**EXERCISE GOAL**: Below are records with pictures. Reproduce exactly the lines from the line with "PANTONE 17-4123 TCX - Niagara" to the line with "Beige tie with blue flowers", inclusive, and leave each picture out.

**DATA RECORDS**:
Segment Open

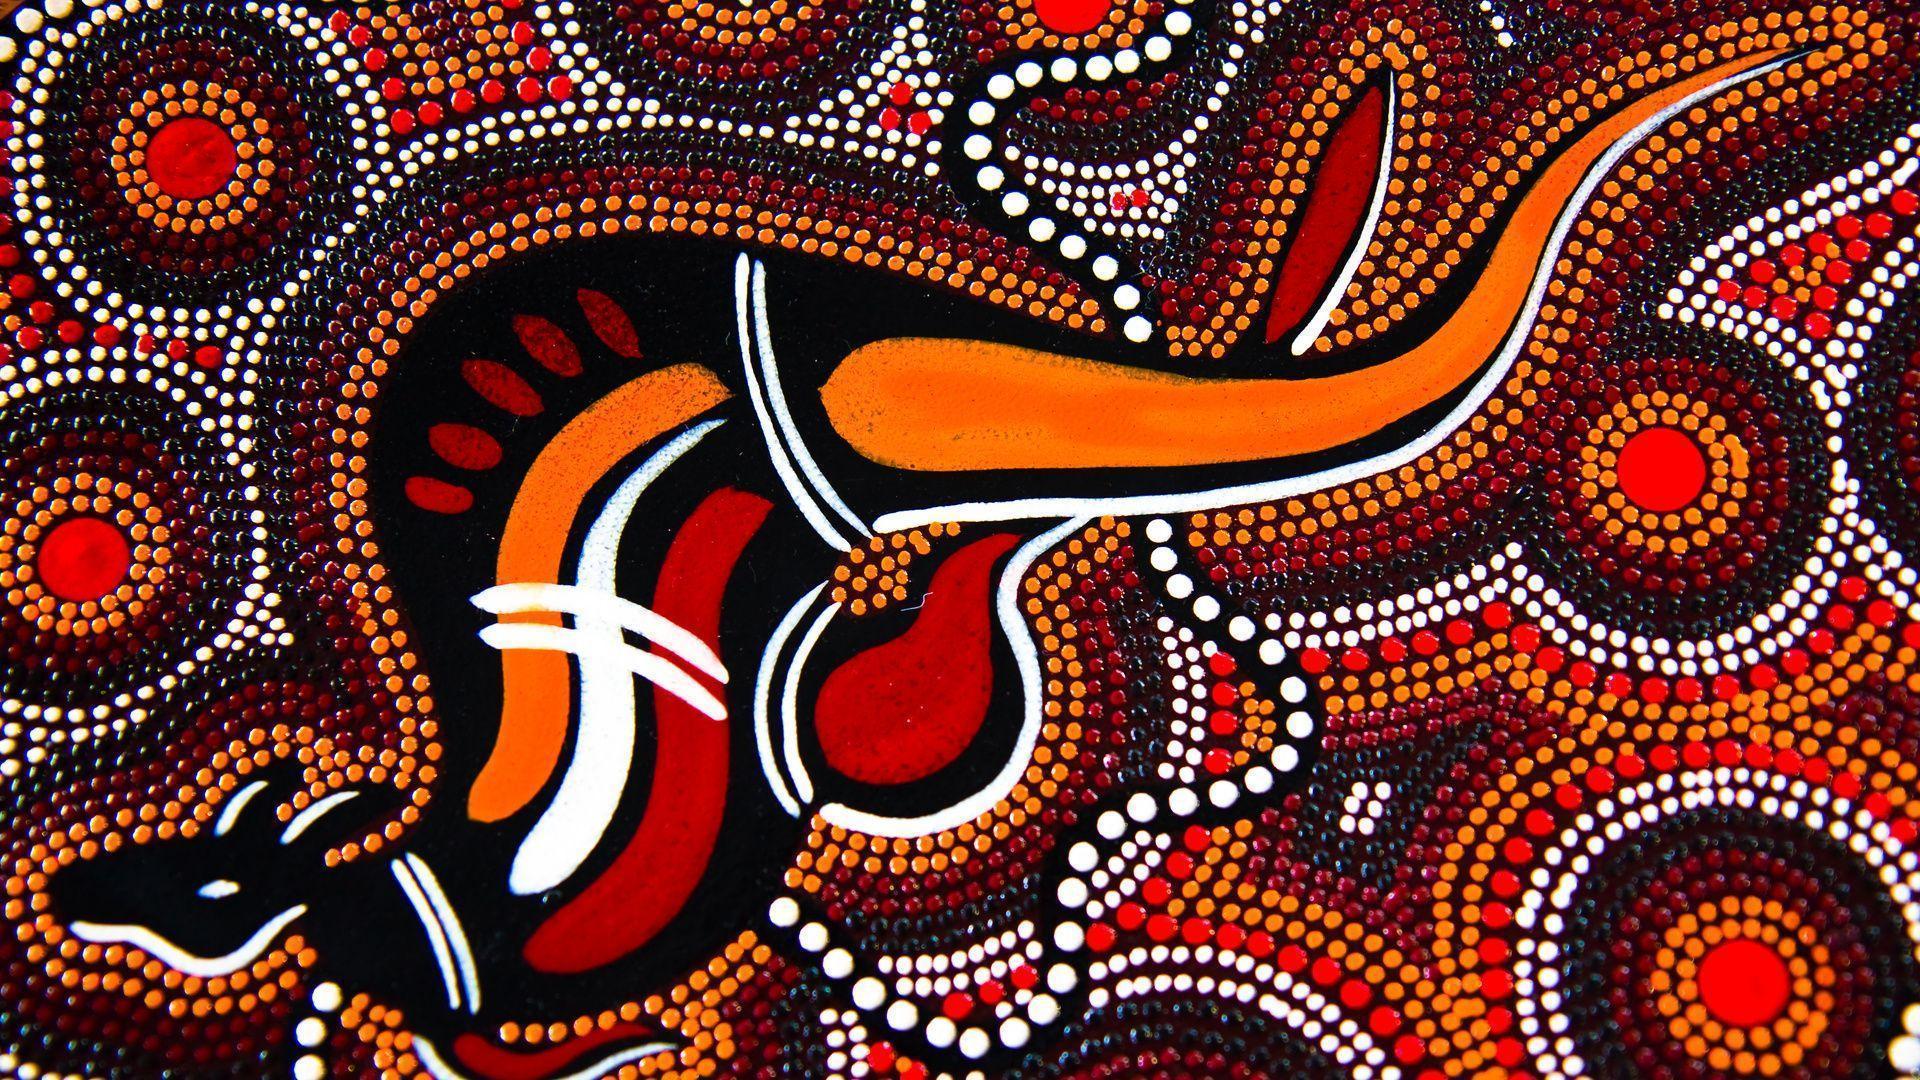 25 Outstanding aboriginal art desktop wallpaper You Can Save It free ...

Segment Closed
Segment Open

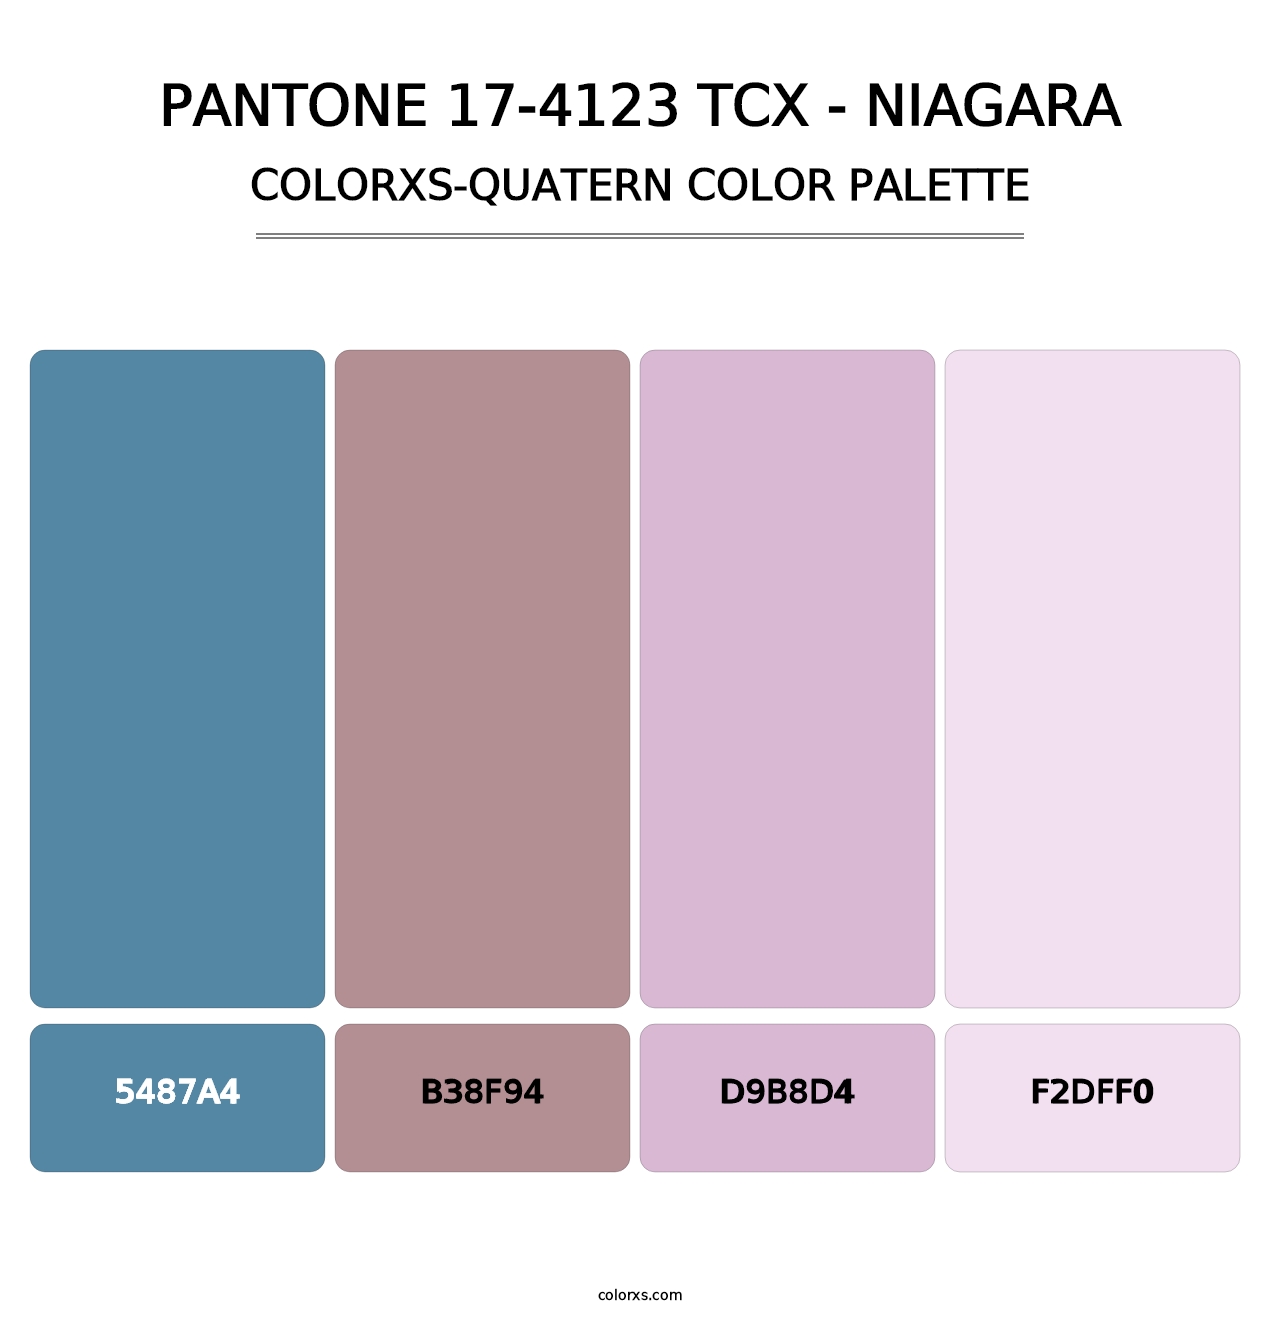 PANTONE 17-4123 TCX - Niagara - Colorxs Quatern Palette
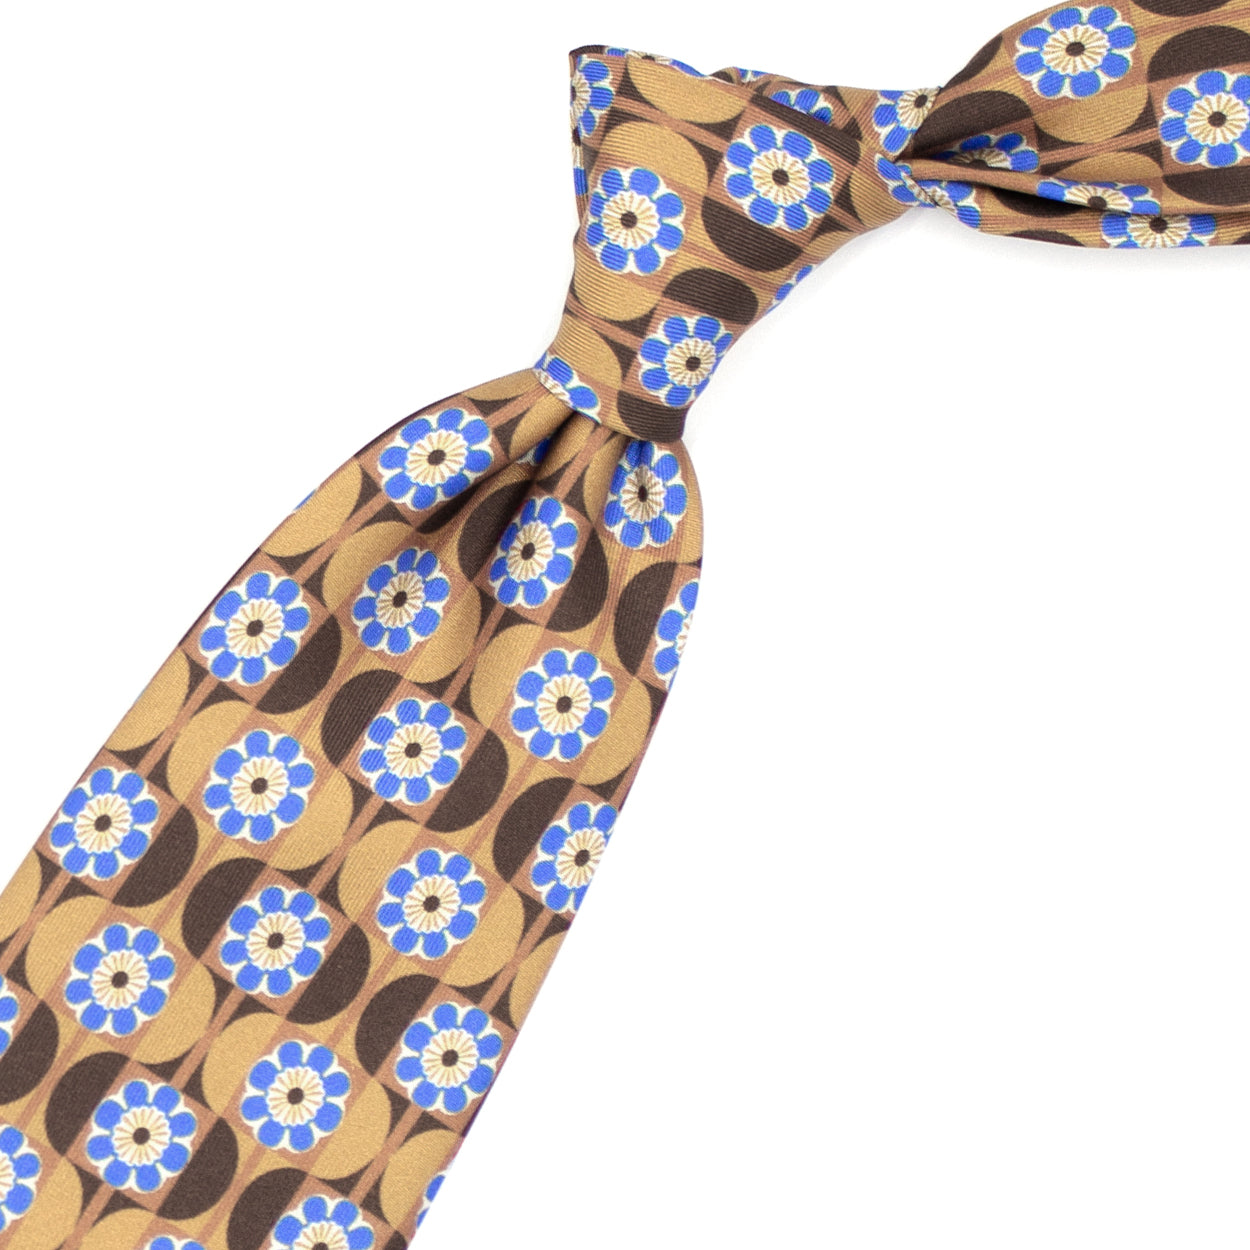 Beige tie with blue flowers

Segment Closed
Segment Open

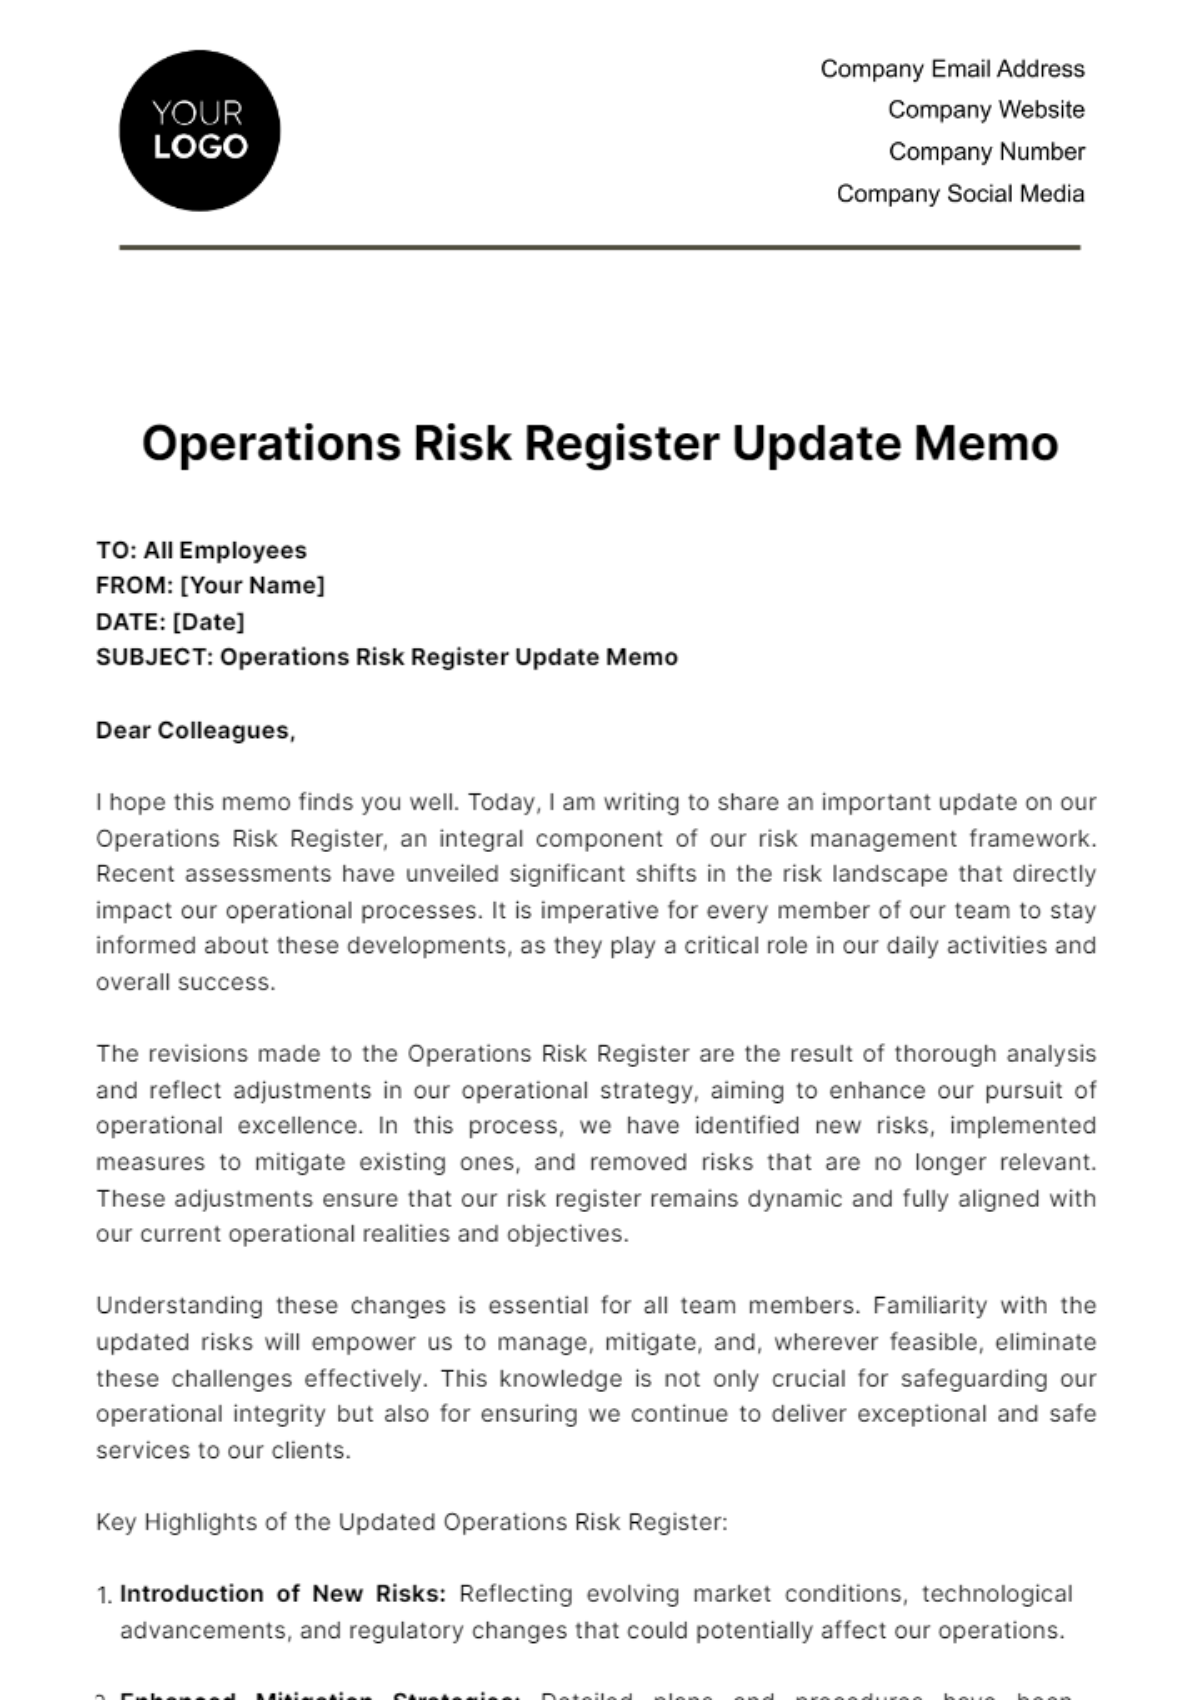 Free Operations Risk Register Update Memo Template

Segment Closed

**ANSWER SECTION**:
 PANTONE 17-4123 TCX - Niagara - Colorxs Quatern Palette
 Beige tie with blue flowers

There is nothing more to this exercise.